Monday, May 23, 2011

B&N Used To Sell Books

Now that the semester is finally over, T and I are able to synchronize our schedules and actually meet up. We met at B&N first to look at books. Book-looking is fun. It gives me ideas about what not to write. It proves that you should judge a book by its cover.

B&N has changed. The entire center of the first floor is devoted to The Nook. What happened to all the pretty book displays? They are still standing on the sides, but right in the middle is a void. No books. Just Nooks. I know the Nook is a book--many books in fact--but I like seeing lots of books in a bookstore. It makes me feel all warm and gushy. This made me feel like I was in the wrong store.

When T and I went up to the second floor, they had toys. Stuffed animals. Stickers. Shrinky-dinks. These are not books either.

Once I got over the changes--change is bad!--we went through the bargain bins. T saved a small white stuffed bunny from getting grimy in the bin by moving it to where all the other stuffed animals are. Then we went through the books. Rows and rows of books.

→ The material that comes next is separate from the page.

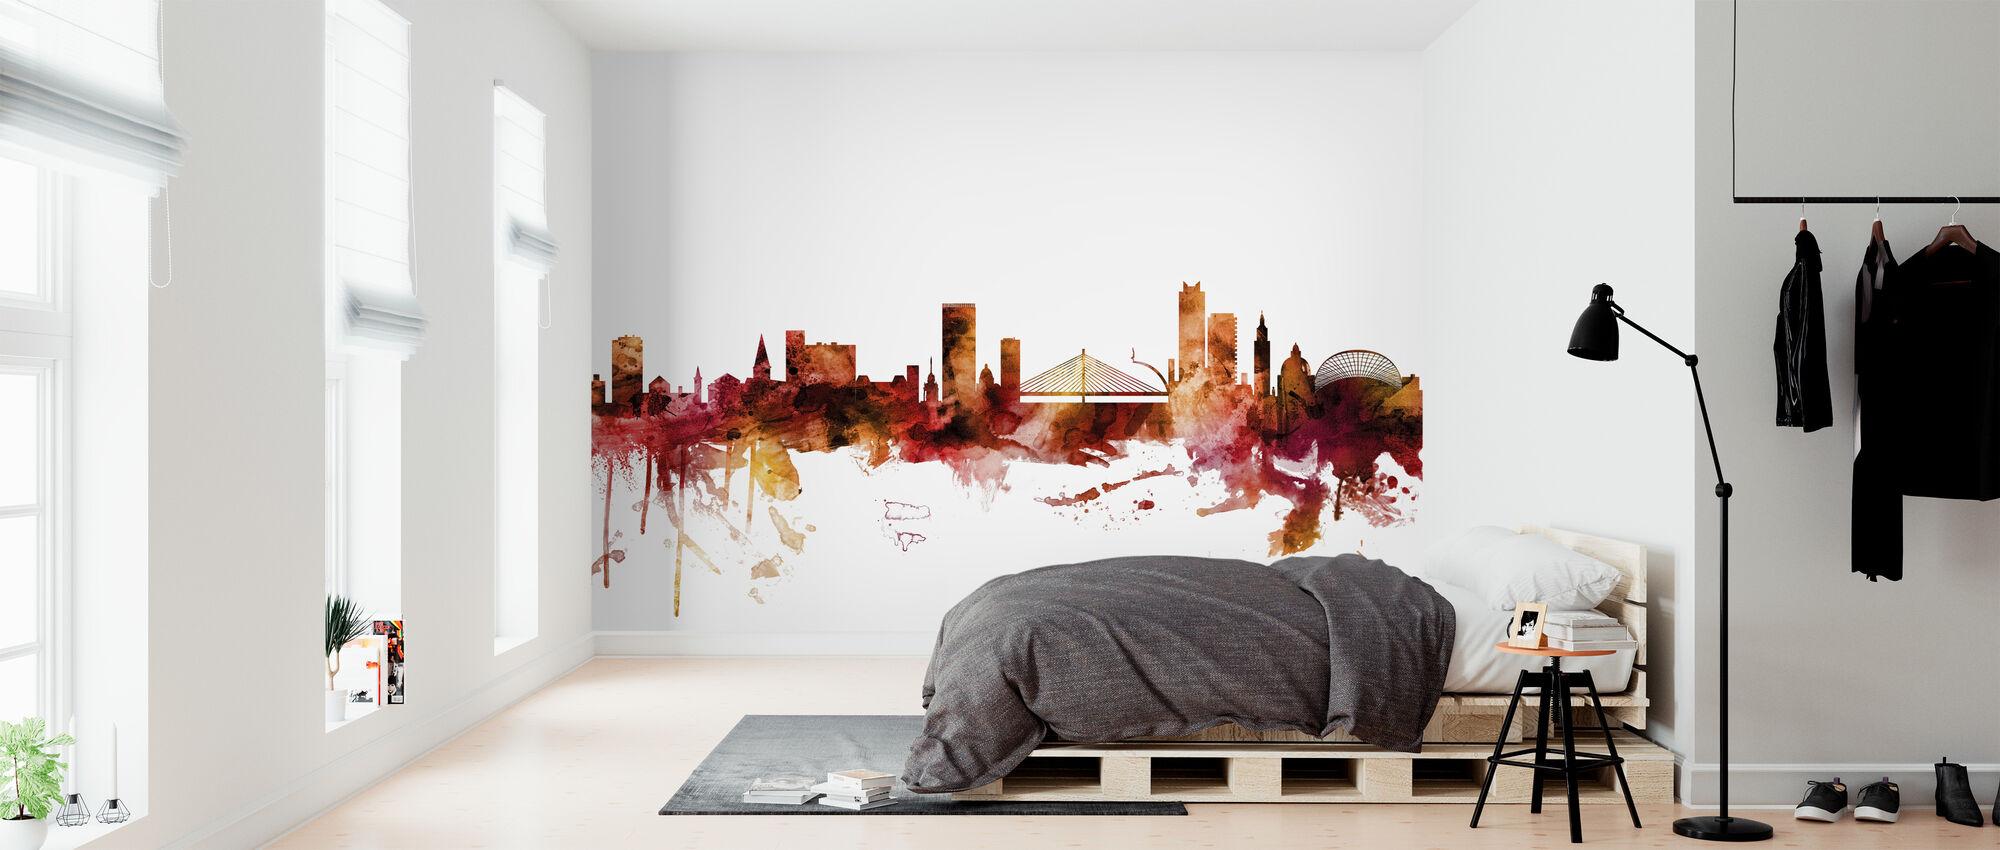 Liege Belgium Skyline - Wallpaper - Bedroom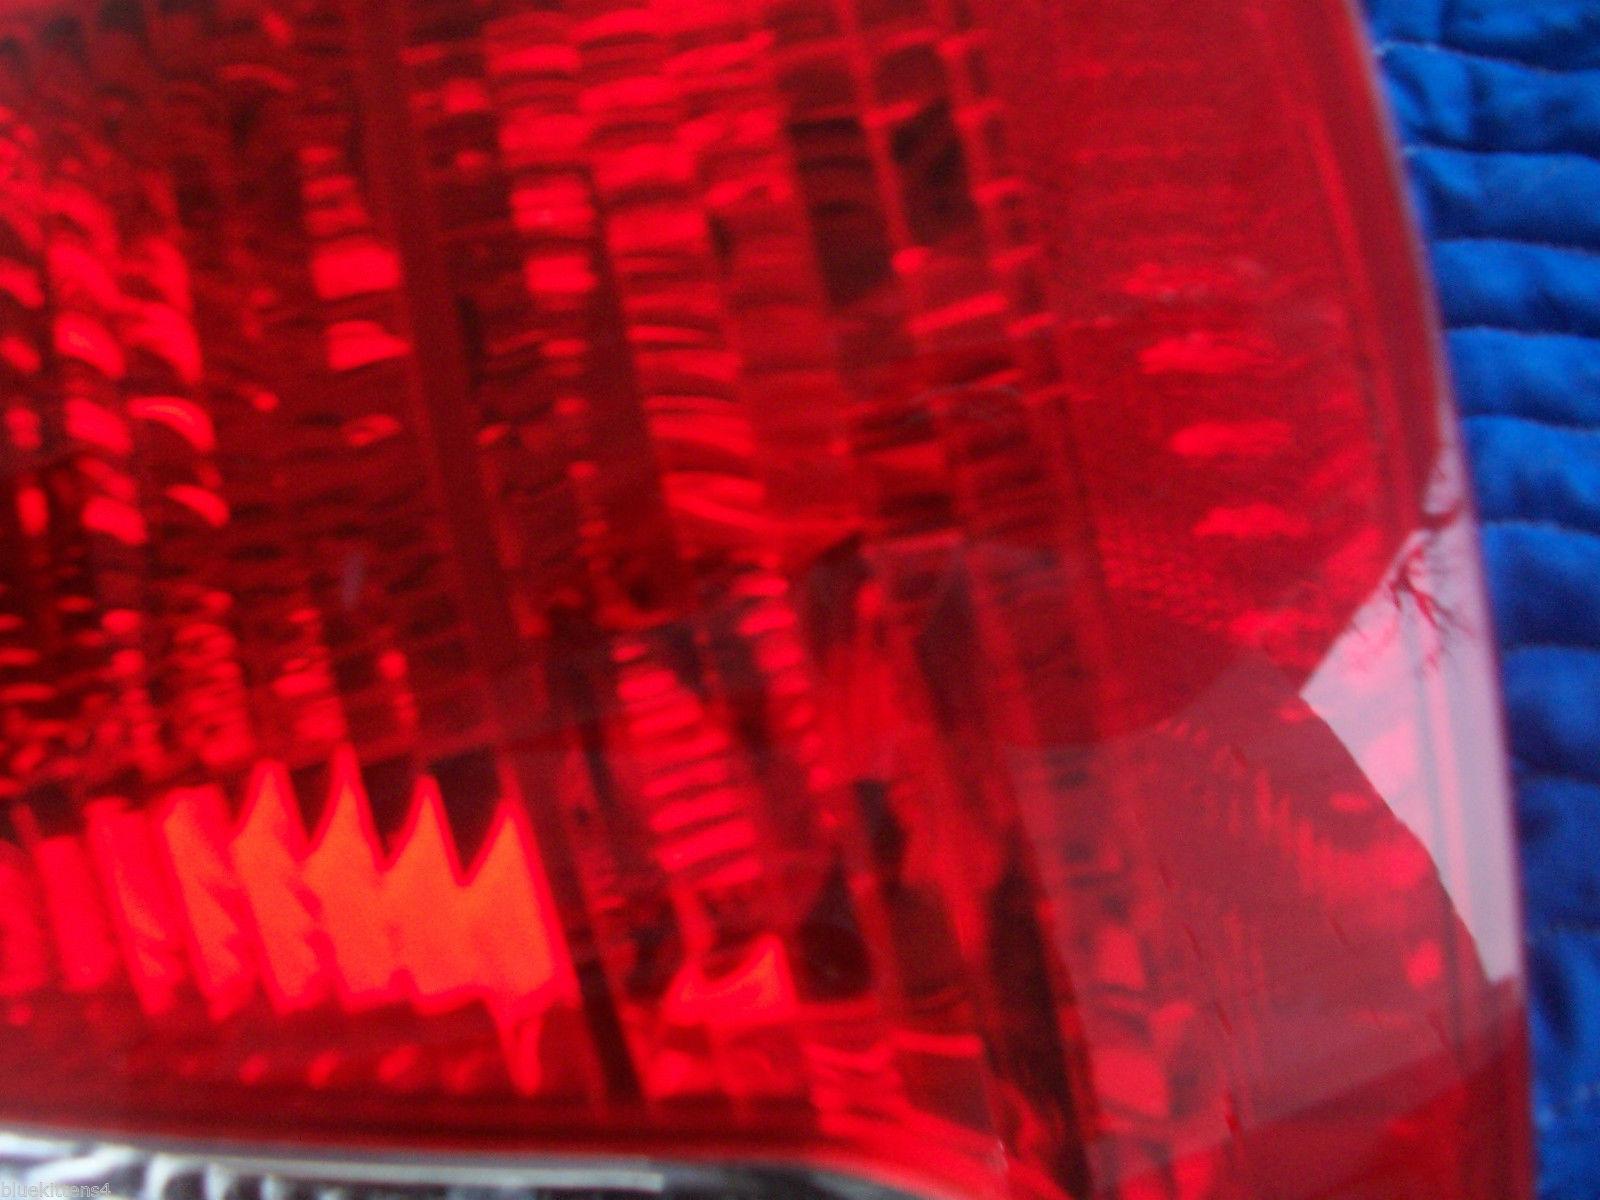 2007 ACCENT 4 DOOR RIGHT TAILLIGHT OEM USED ORIGINAL HYUNDAI PART 2008 2009 2010

B&N wants you to read a book a day this summer. How do I know this? Every table they set up had a sign that said: Summer Reading. There were a whole lotta summer reading books--from Lolita to The Lord of the Flies from The Great Gatsby to Night, all kinds of books. I actually wanted to read Lolita this summer but the local library had every Nabokov book on the shelf except for that one. Maybe it will be back before the summer ends.

Off we went to get coffee. There, we realized that the end of the world was near. The rain was coming and going outside. A bus kept passing by the window with the announcement that the world was ending. It listed a radio station to listen to. We pondered this for a while. The rain didn't seem like an omen. It seemed like an annoyance, the cause of a bad hair day. When we parted ways, I tuned into the station in my car. They didn't say anything about the world ending. They talked about hepatitis. Unless the end is coming in the form of this disease, I think we're pretty much safe for now.